Mi cuarto



Virginia Woolf escribió sobre la importancia de tener un cuarto propio para poder escribir. Yo siempre entendí y defendí esa importancia. Siempre tuve un cuarto propio. 

El primero que recuerdo era naranja. Había un puf de cuerina color amarillo que se fue desgranando con el tiempo y una televisión cuadrada y negra que parecía un dado. 

El segundo de los cuartos era lila y enorme. Tenía una cama de dos plazas y alfombra mullida en todo el suelo. Hacía mucho frío en invierno y mucho calor en verano, pero era luminoso y se sentía como un refugio. 
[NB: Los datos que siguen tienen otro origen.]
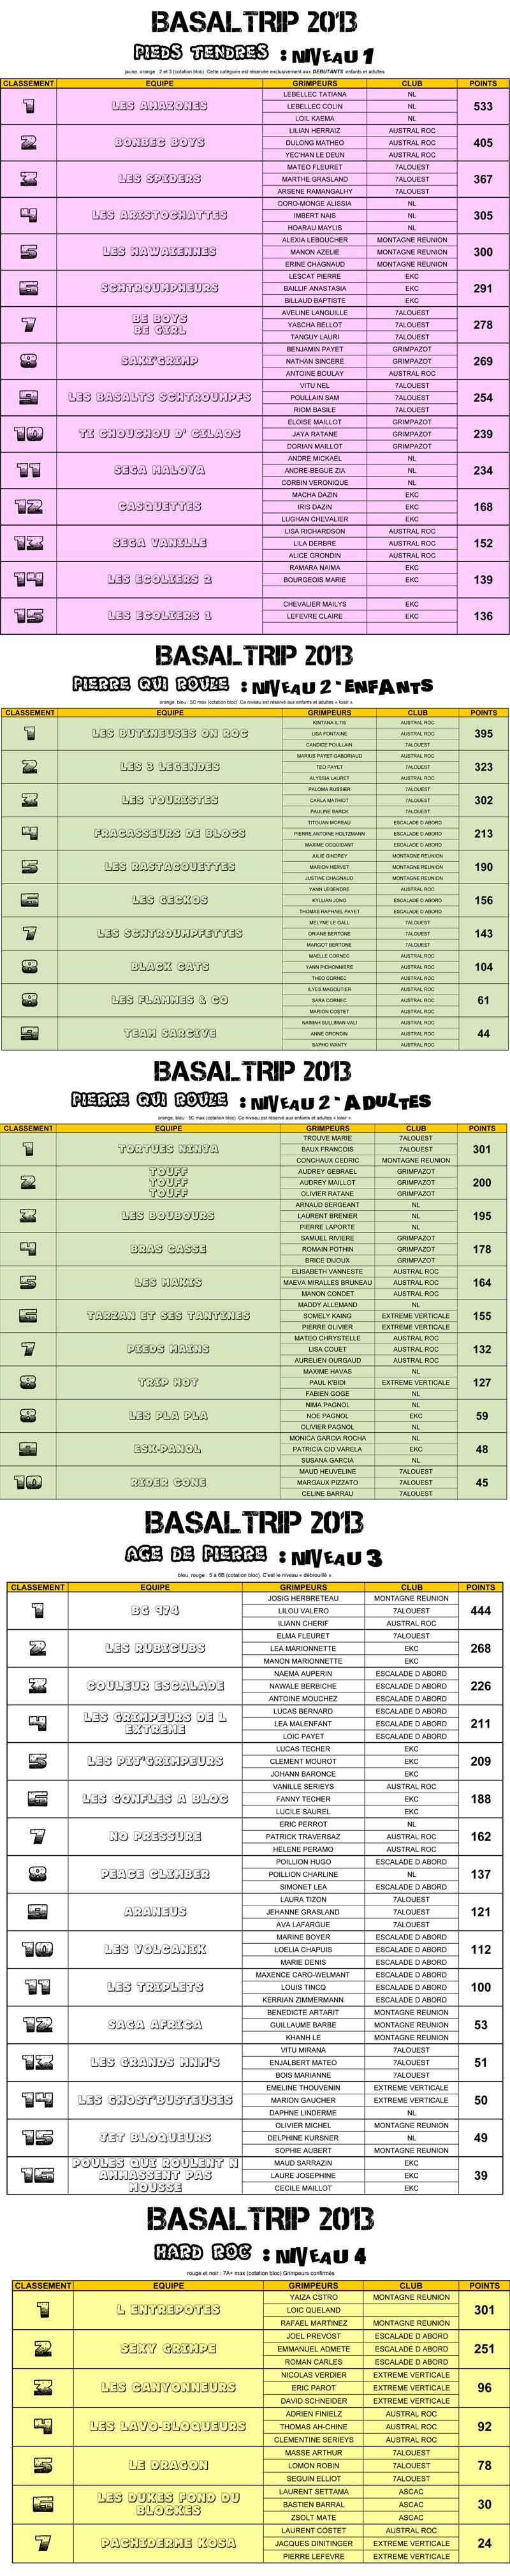 2013-BASALTRIP-RESULTATS-CONTEST-V1

El último cuarto en mi rol de hija fue verde agua. La cama cambiaba de lugar todo el tiempo como se cambia un zapato cuando se siente incómodo. En este cuarto me despojé de muchos objetos y luego me arrepentí: fotos, cartas, payanas, souvernirs. A veces la vida nos vuelve minimalistas.

En todos ellos mi lugar favorito era el escritorio. 
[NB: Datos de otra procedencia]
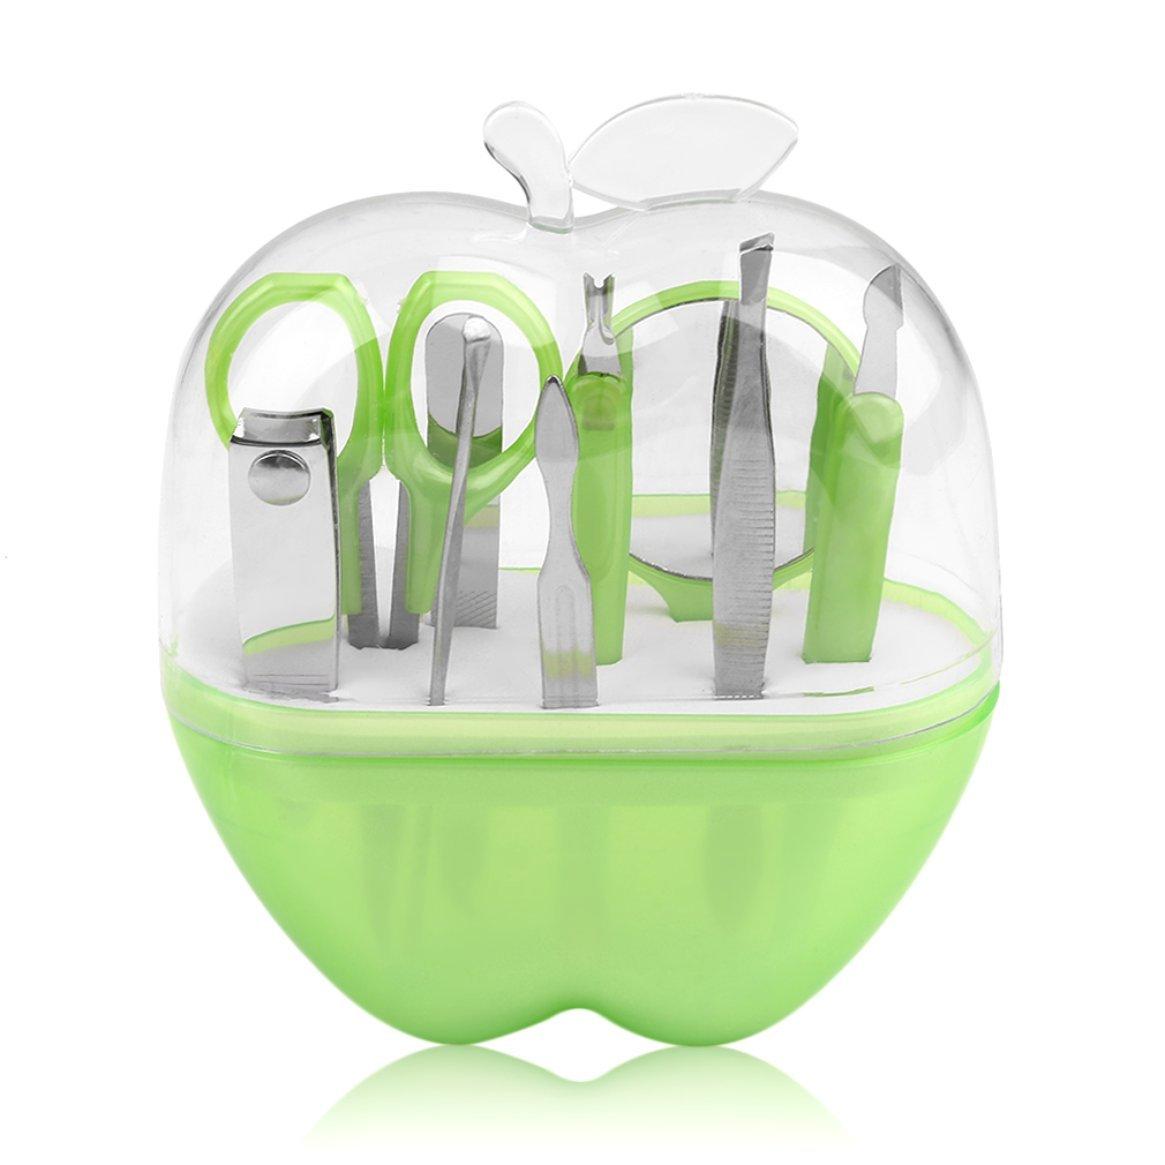 Forma de manzanas 9pcs manicura de acero inoxidable Set ...

Hace algunos meses comparto mi cuarto y se sintió, durante un tiempo, como una invasión enemiga. Desterrada, me mudé, o más bien volví, al escritorio en donde alrededor de las cinco de la tarde entra el sol rayado a través de la cortina y algunas veces hay margaritas blancas en un florero. Los libros y cuadernos de notas se acumulan en el rincón derecho en una pila cada vez más alta. Hay una lámpara que me recuerda a la lámpara de Pixar y un lapicero de cerámica que hizo mi mamá. 

No es una habitación entera, no es un dormitorio. No tiene paredes ni puerta. Mi cuarto ahora es un escritorio. Un hábitat en donde leo, subrayo, escribo, tomo clases, trabajo y tomo mate también. No será el cuarto que imaginaba Virginia para que las mujeres escribiéramos todo aquello que quisiéramos escribir, pero es suficiente para escribir todo lo que yo quiero escribir.